# About this task
Repeat the listing exactly as given, omitting every image.

# Information shown

_ _ _ _

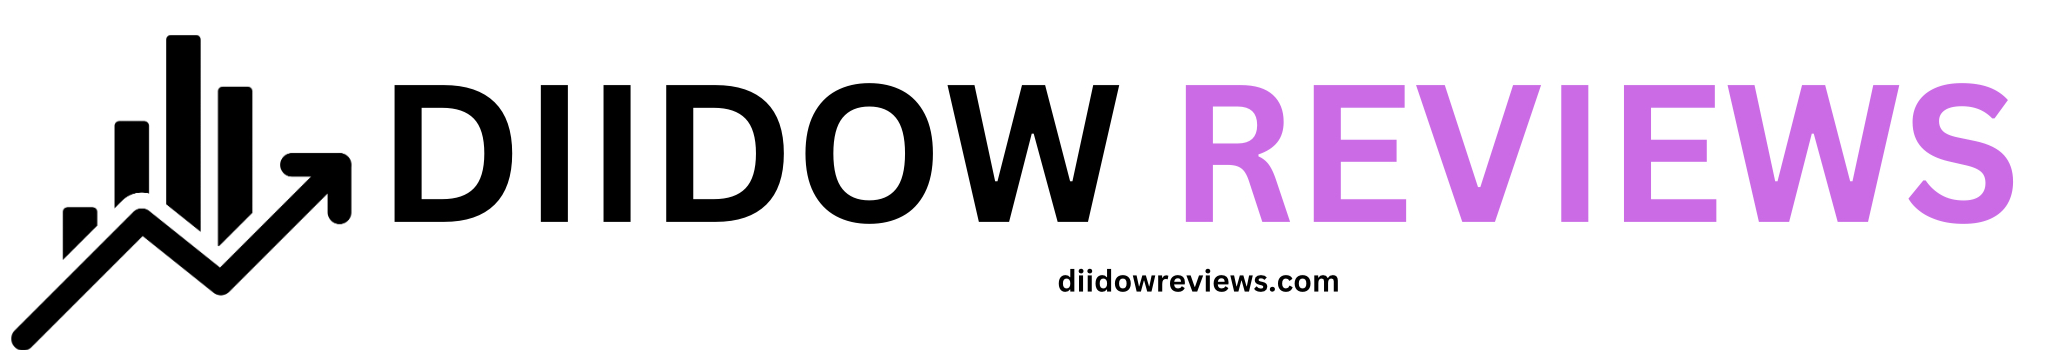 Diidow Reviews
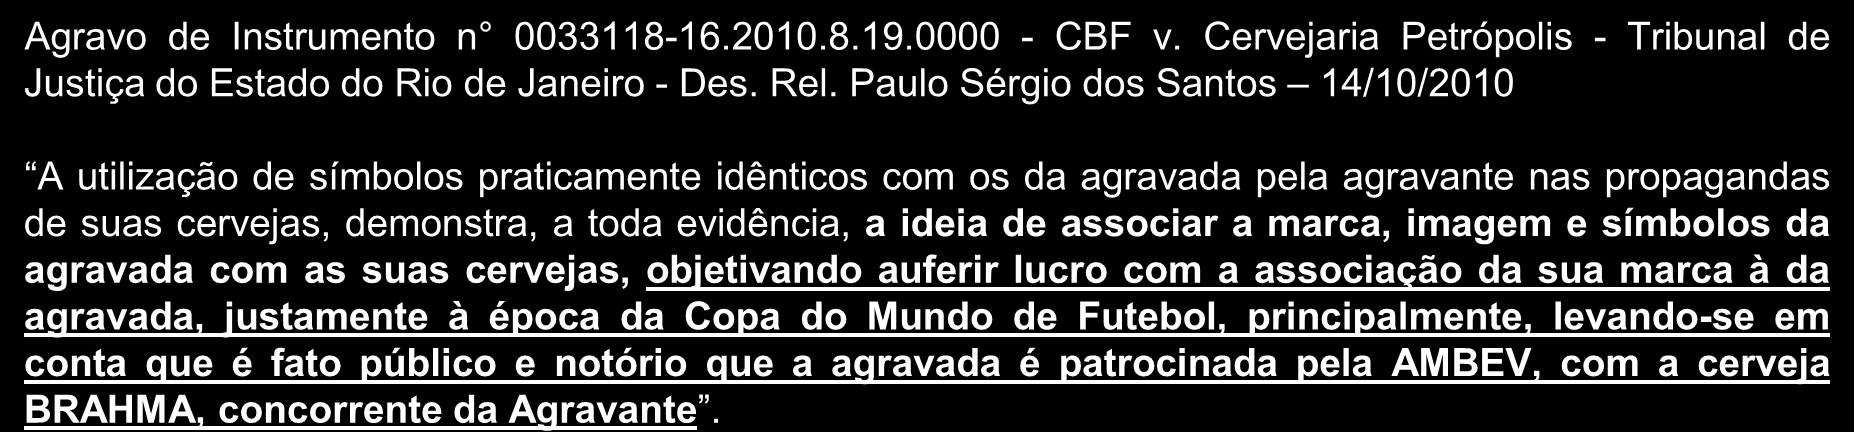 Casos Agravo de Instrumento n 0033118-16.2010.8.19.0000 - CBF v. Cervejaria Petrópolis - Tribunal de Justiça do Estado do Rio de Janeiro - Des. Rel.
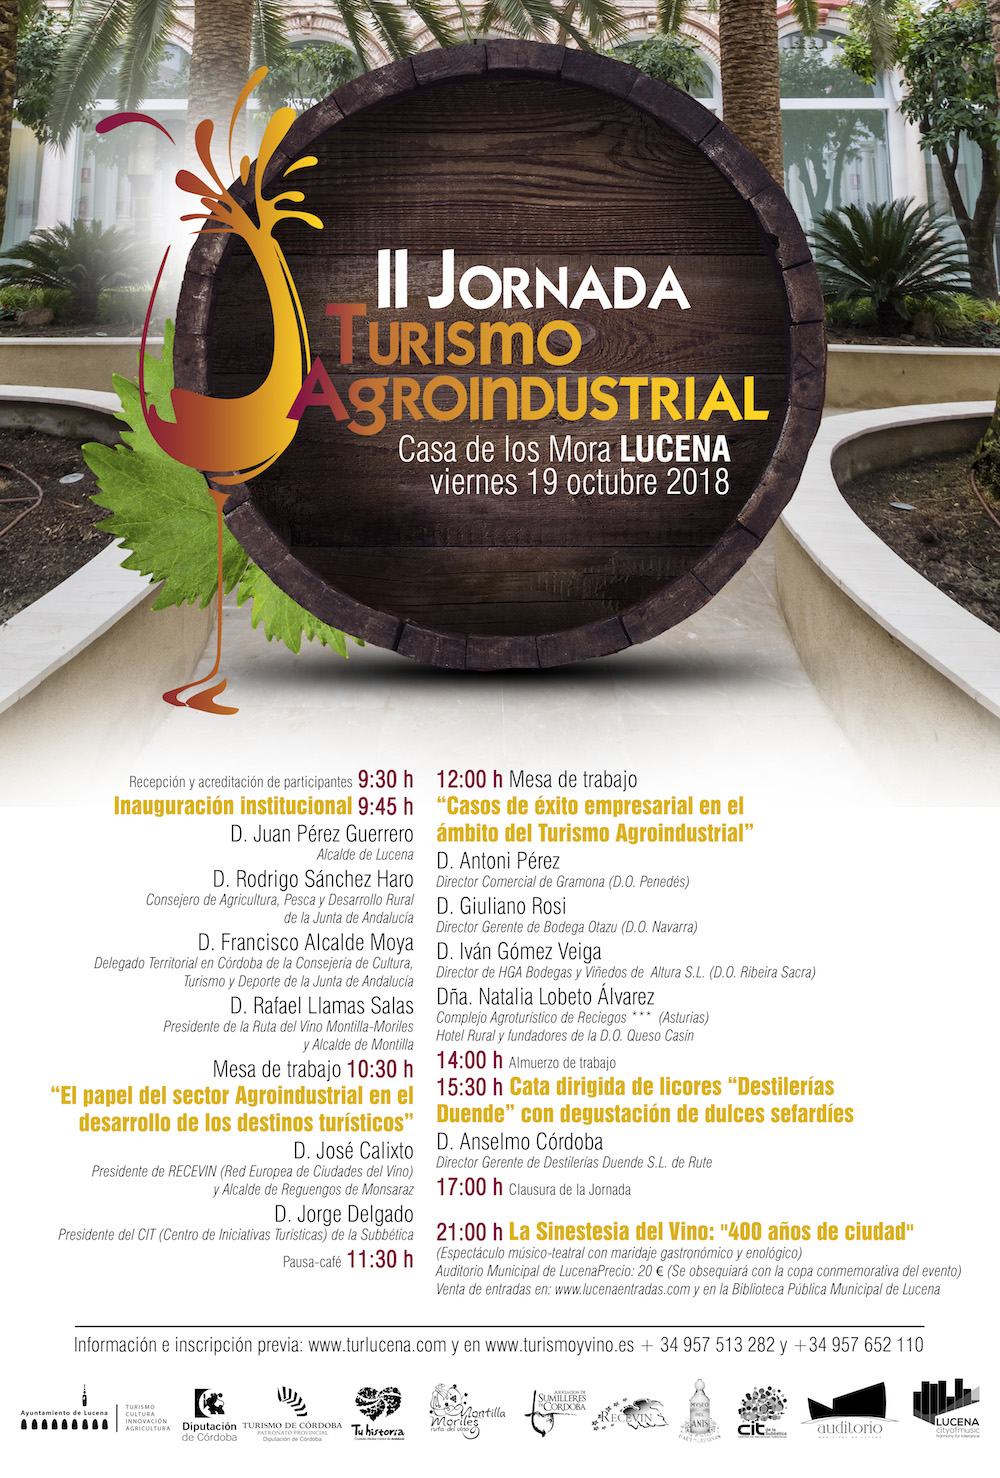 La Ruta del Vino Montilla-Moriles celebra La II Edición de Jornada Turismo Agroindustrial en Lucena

_ _ _ _

# Written answer
 Diidow Reviews
 Casos Agravo de Instrumento n 0033118-16.2010.8.19.0000 - CBF v. Cervejaria Petrópolis - Tribunal de Justiça do Estado do Rio de Janeiro - Des. Rel.
 La Ruta del Vino Montilla-Moriles celebra La II Edición de Jornada Turismo Agroindustrial en Lucena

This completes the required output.